« Il faudra cent cinquante ans pour réhabiliter le golfe de Gabès », avertit Houcine Rhili, expert en développement et en ressources hydrauliques. Invité ce mardi sur les ondes de Jawhara FM, il a décrit une situation « critique », où les rejets du Groupe chimique tunisien (GCT) continuent de polluer massivement la mer et l’air.
14 000 tonnes de déchets par jour dans la mer
Selon lui, près de 14 000 tonnes de déchets sont déversées chaque jour dans le golfe, tandis que la mer Méditerranée « se renouvelle à peine tous les cent ans ». Un équilibre rompu, qui exige, selon l’expert, le lancement immédiat de « solutions progressives et réalistes » :
« On ne peut pas tout arrêter du jour au lendemain, mais on peut transformer le phosphate différemment. Des techniques plus propres existent, encore faut-il les adopter ».
Gabès, bombe écologique
Les propos de Houcine Rhili surviennent alors que Gabès suffoque à nouveau. Plusieurs élèves du collège Chatt Essalem ont été victimes d’asphyxie à la suite d’une fuite de gaz émanant d’une unité du GCT. Des dizaines d’enfants ont été pris en charge dans les hôpitaux de la région, certains ayant perdu connaissance.
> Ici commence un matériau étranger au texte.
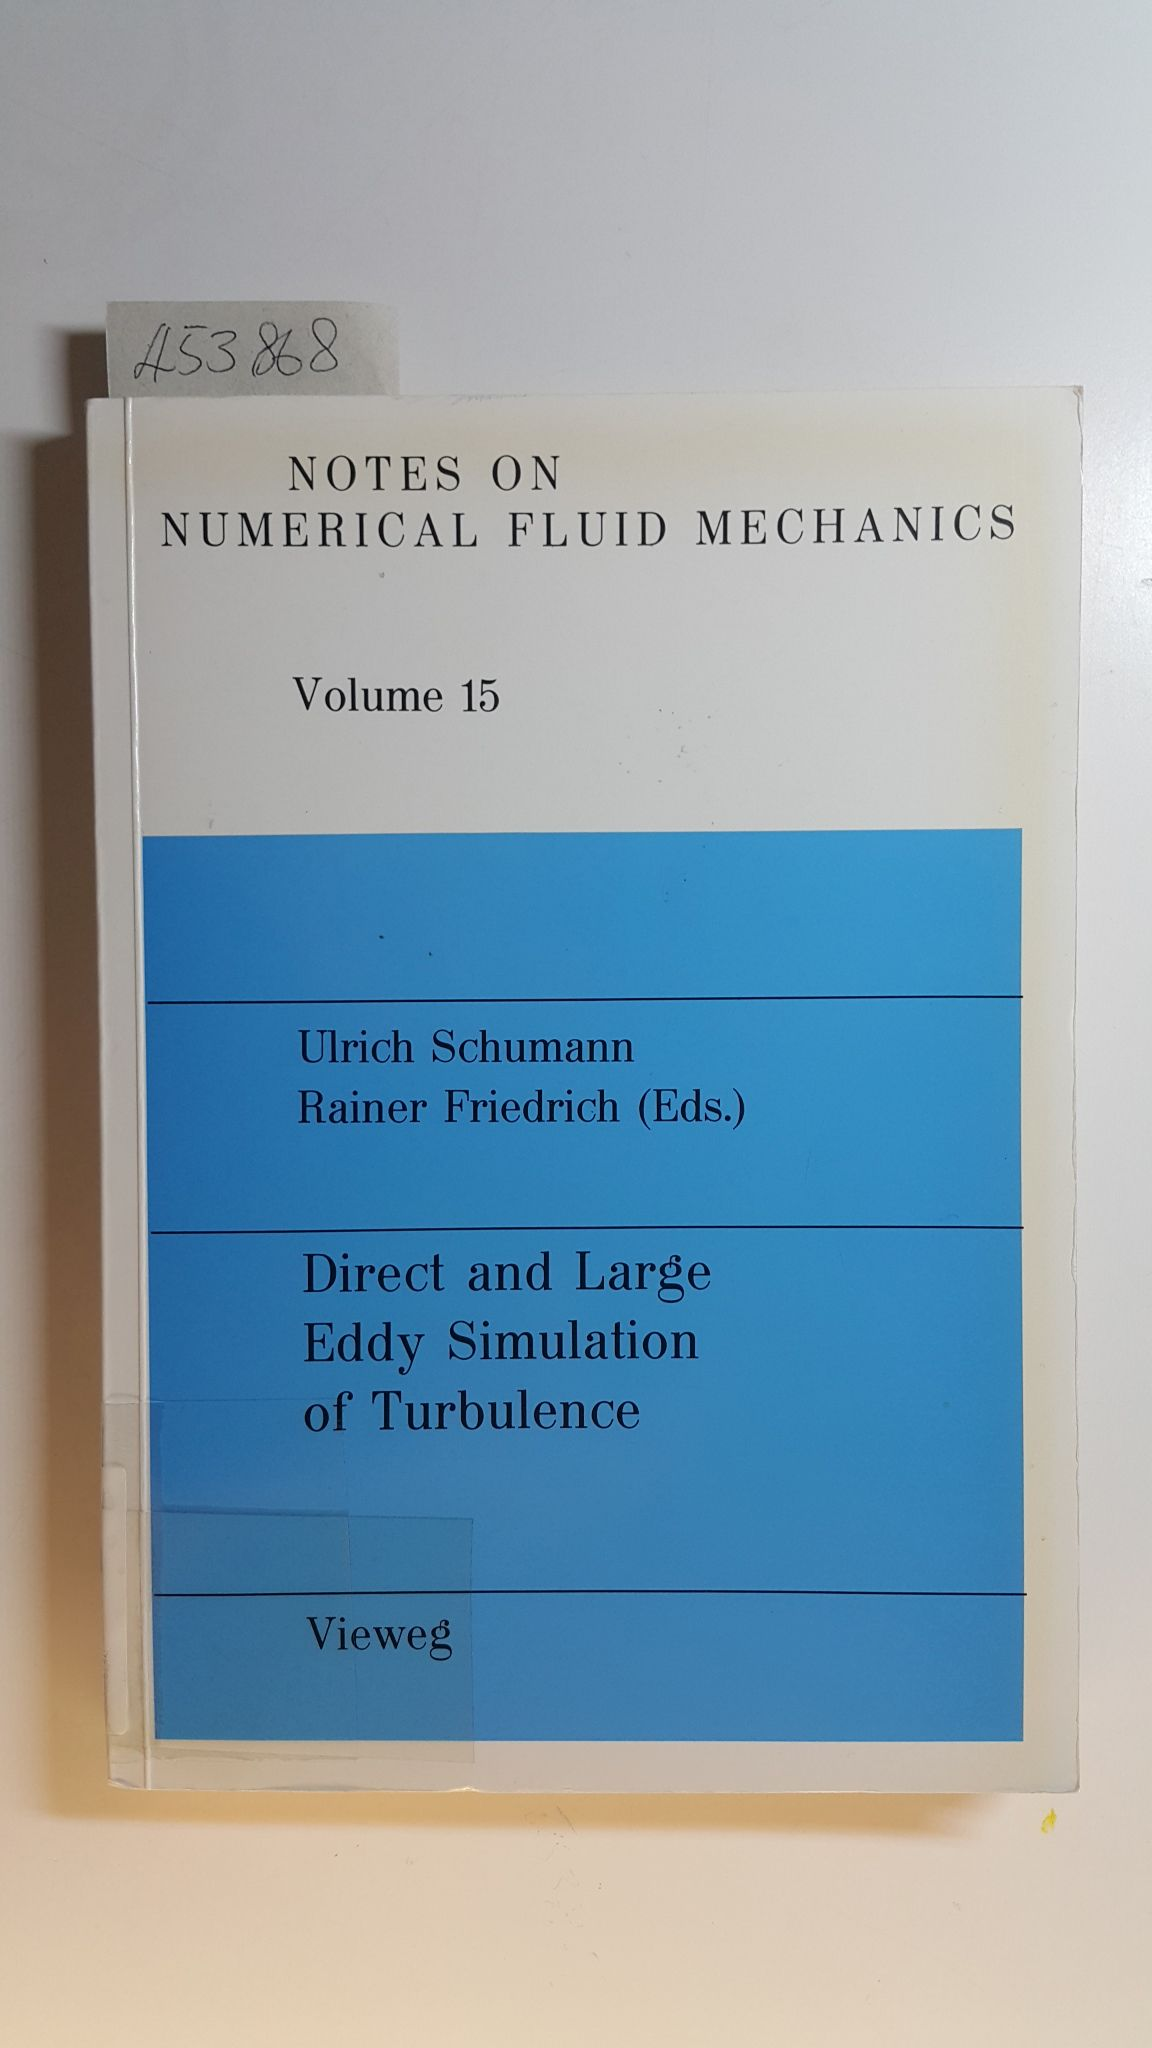 Direct and Large Eddy Simulation of TurbulenceProceedings: Ulrich Schumann ;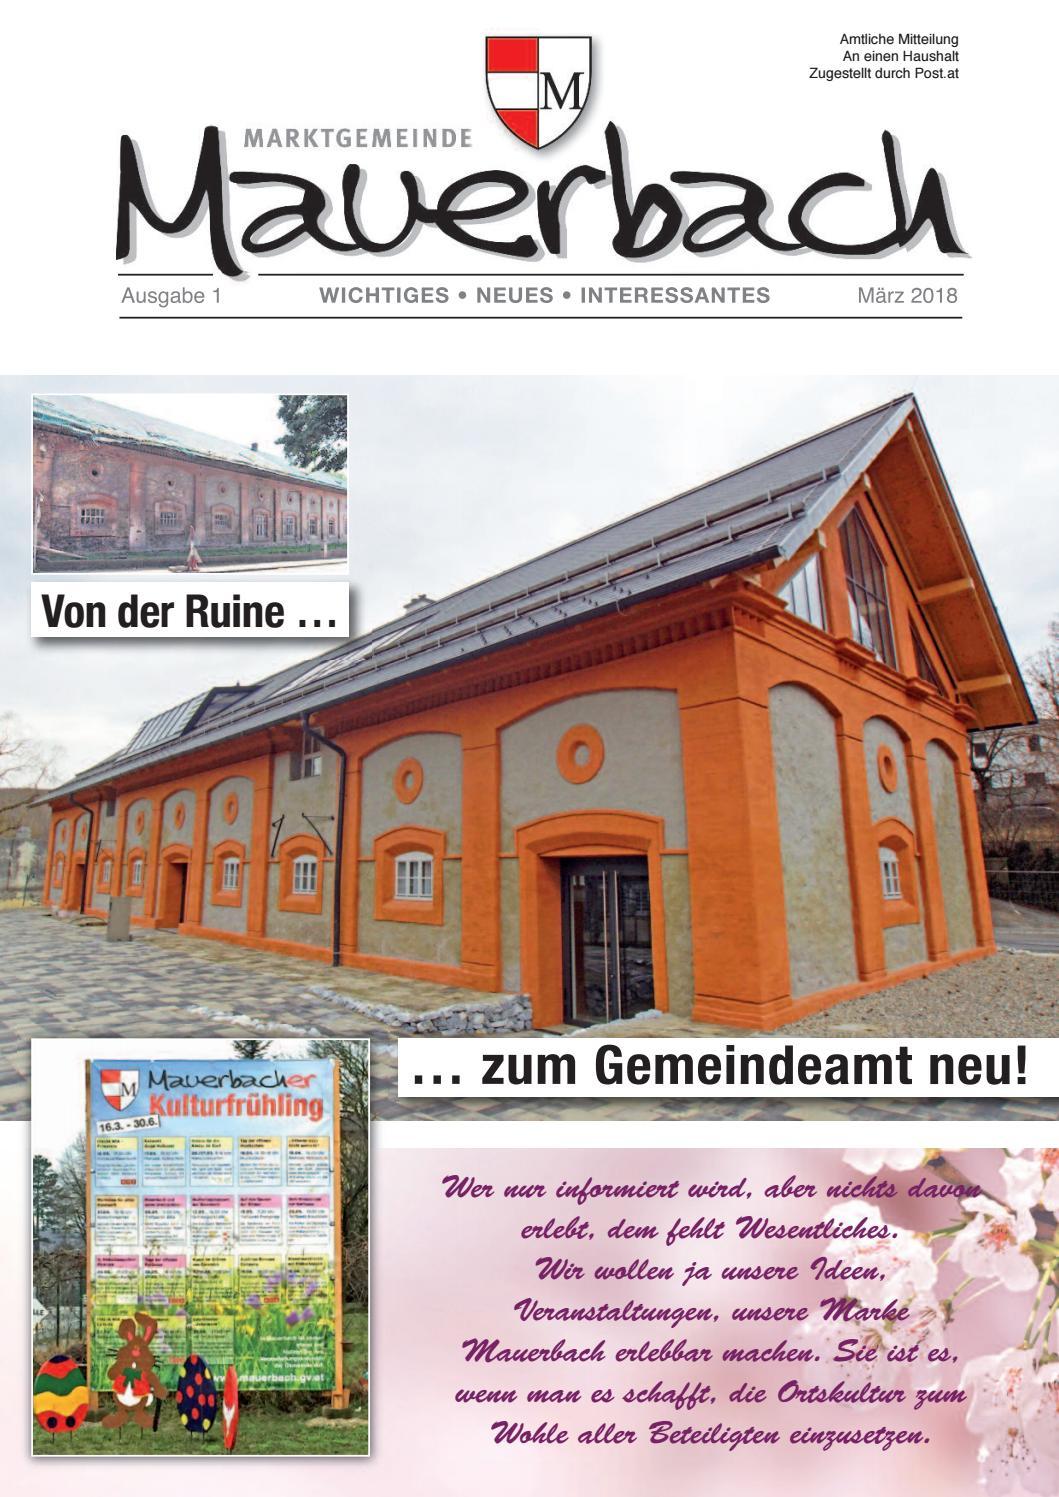 Blitz dating aus mauerbach - Sittersdorf dating events

Cet incident, loin d’être isolé, s’ajoute à une série de fuites toxiques ayant provoqué la colère des habitants. Des manifestations et des actes de vandalisme ont visé récemment le siège régional du Groupe chimique, symbole d’un ras-le-bol accumulé depuis des décennies.
Pour Houcine Rhili, la situation dépasse la simple pollution. Il s’agit d’une bombe à retardement qui combine enjeux économiques, sanitaires et sociaux. « Déplacer les habitants n’est pas une solution, car les émanations se propagent sur des kilomètres », a-t-il expliqué, évoquant des problèmes de maintenance et de sécurité « graves », avec des émissions « cinq fois par mois » en moyenne.
Il rappelle que :
« Le GCT ne dispose pas des moyens financiers pour réhabiliter l’ensemble de ses 13 unités industrielles dont 80 % nécessitent une remise à niveau urgente. La déconstruction d’une seule unité coûterait cinq milliards de dinars ».
Face à cette succession d’incidents, le président Kaïs Saïed a convoqué samedi 11 octobre la ministre de l’Industrie Fatma Thabet et le ministre de l’Environnement Habib Abid. Une mission conjointe a été dépêchée à l’usine du GCT afin d’évaluer les dégâts et de proposer des mesures correctives immédiates.
Mais sur le terrain, les habitants parlent déjà d’un « écocide silencieux », dénonçant des promesses non tenues et une injustice environnementale persistante. Pour beaucoup, le golfe de Gabès reste le symbole d’un modèle industriel à bout de souffle, où la mer et la santé publique continuent de payer le prix du phosphate.